Genetic Basis of Neoplasms Quiz

Study Notes

Neoplasms are tumors, which arise from genetic and molecular alterations.
Carcinogenesis involves the transformation of normal cells into cancerous cells. This process targets four key classes of normal regulatory genes.
The first class are growth-promoting proto-oncogenes, which when activated, lead to cancer.
The second class are growth-inhibiting tumor suppressor genes. These genes normally act as cell cycle checkpoints. Loss of their function allows unchecked cell growth.
The third class are genes that regulate programmed cell death (apoptosis). Altered function affects apoptosis either promoting cell survival if inhibition mechanisms are increased, or decreasing cell survival if mechanisms which promote apoptosis are decreased.
The fourth class are genes involved in DNA repair. Defects in these genes lead to genomic instability and increased risk of mutations.

Proto-oncogenes are normal cellular genes that promote cell proliferation.
Oncogenes are mutated or overexpressed proto-oncogenes, which function independently of normal growth-promoting signals.
Oncoproteins, the proteins produced by oncogenes, stimulate cell proliferation.
Oncogene functions include secreted growth factors, growth factor receptors, cytoplasmic signal transduction proteins, nuclear proteins, and transcription factors, and cell growth genes.
Examples include HER2/neu, which encodes an epidermal growth factor receptor, frequently amplified in breast cancer.

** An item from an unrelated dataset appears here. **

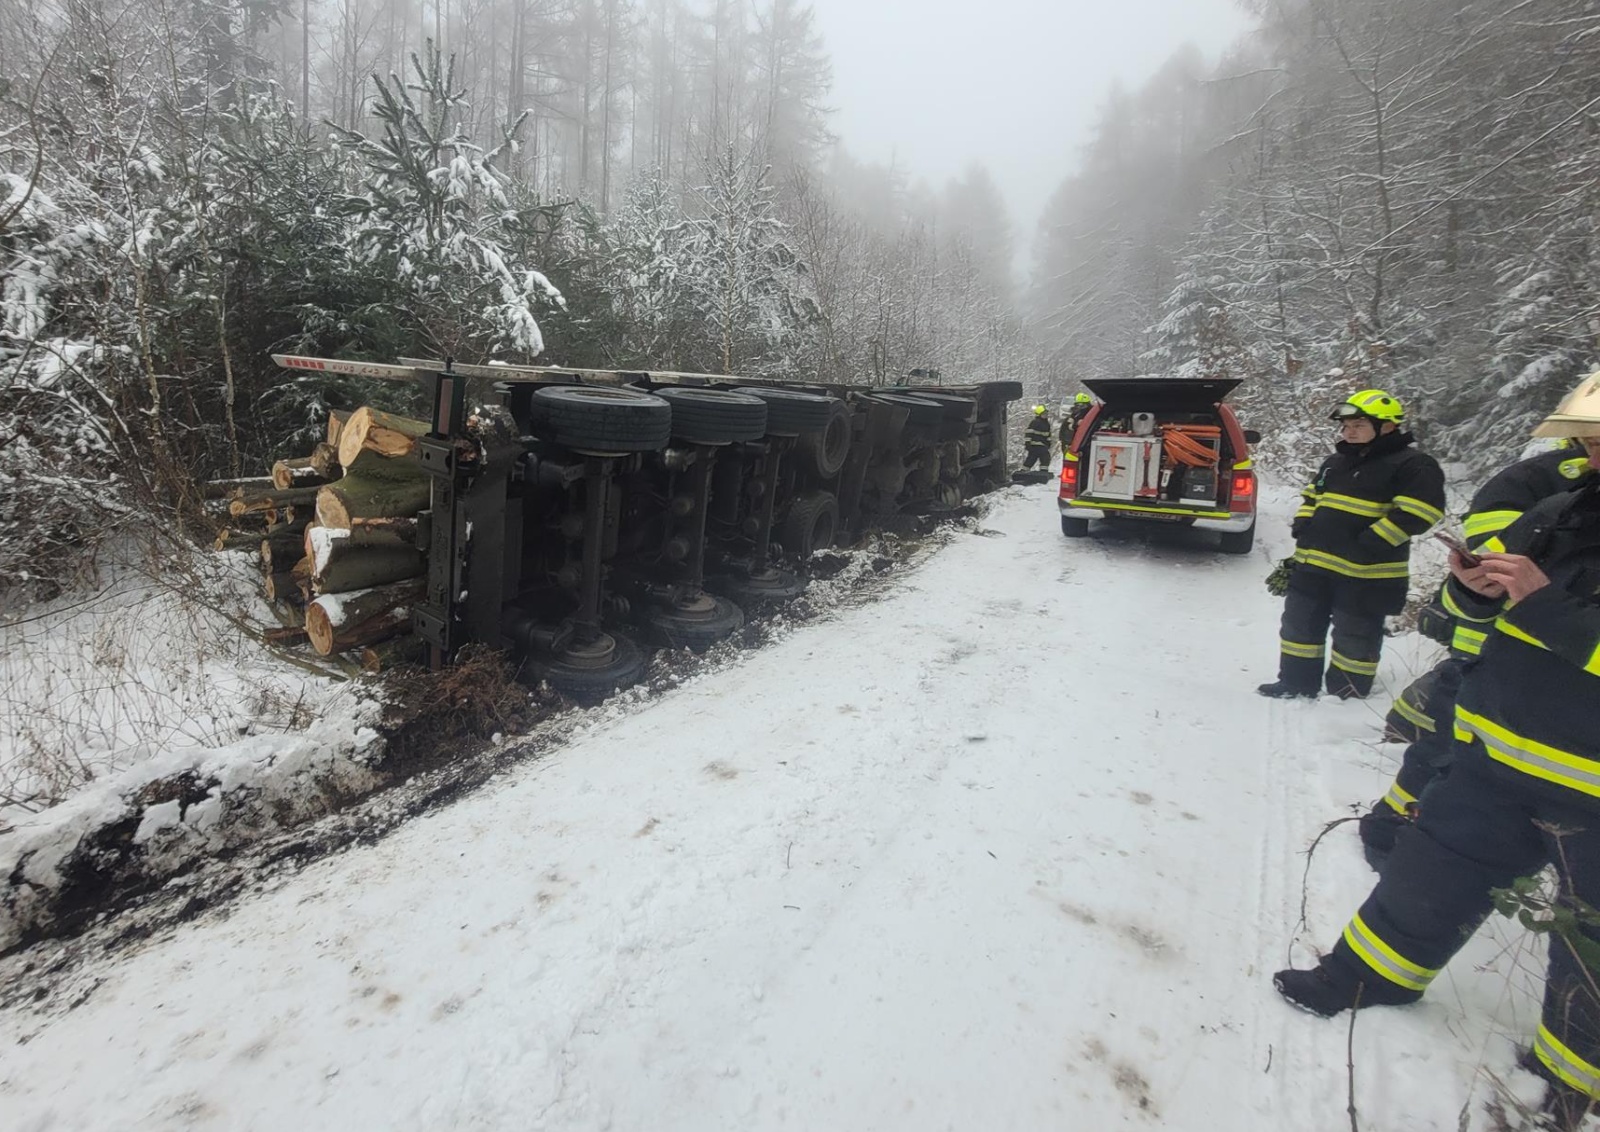 005-Havárie nákladní soupravy se dřevem v lesním úseku u obce Třeboc v okrese Rakovník.jpg

These are normal cellular genes that inhibit cell growth. They act as cell cycle checkpoints to prevent uncontrolled cell growth.
Loss of function mutations are mechanisms by which mutations can cause cancer in these genes. These include: deletion, inactivation point mutations.
Two mutations in both gene alleles are generally necessary for cancer to arise. This is known as the two-hit theory.
Examples include TP53 (p53), which is often implicated in various cancers and RB gene, often mutated in breast and ovarian cancers.
p53 is dubbed the "guardian of the genome", detecting DNA damage and initiating apoptosis or halting the cell cycle when repair is not possible.

Apoptosis-regulating genes control programmed cell death (apoptosis).
Two key classes are: genes that inhibit apoptosis and those that promote apoptosis.
Mutations can reduce or eliminate apoptosis through increasing inhibition and reducing promotion of programmed cell death.
An example is BCL2, an apoptosis-inhibiting gene. Overexpression of BCL2, often due to translocation, is associated with follicular lymphoma.

DNA repair genes maintain genomic stability.
Mutations in DNA repair genes lead to genomic instability and an increase in the risk of mutations in other gene groups.
Examples include nucleotide excision repair and Xeroderma pigmentosum, where mutations make individuals susceptible to skin cancer due to UV exposure as DNA damage is poorly repaired.

Chromosomal changes are frequently seen in cancer.
Changes include gene mutations, structural abnormalities (insertions, deletions, translocations), whole chromosome gains or losses, and chromosomal number abnormalities (aneuploidy and polyploidy).
An example is Chronic myelogenous leukemia where reciprocal translocation between chromosomes 9 and 22 occurs, creating a Philadelphia chromosome leading to fusion proteins.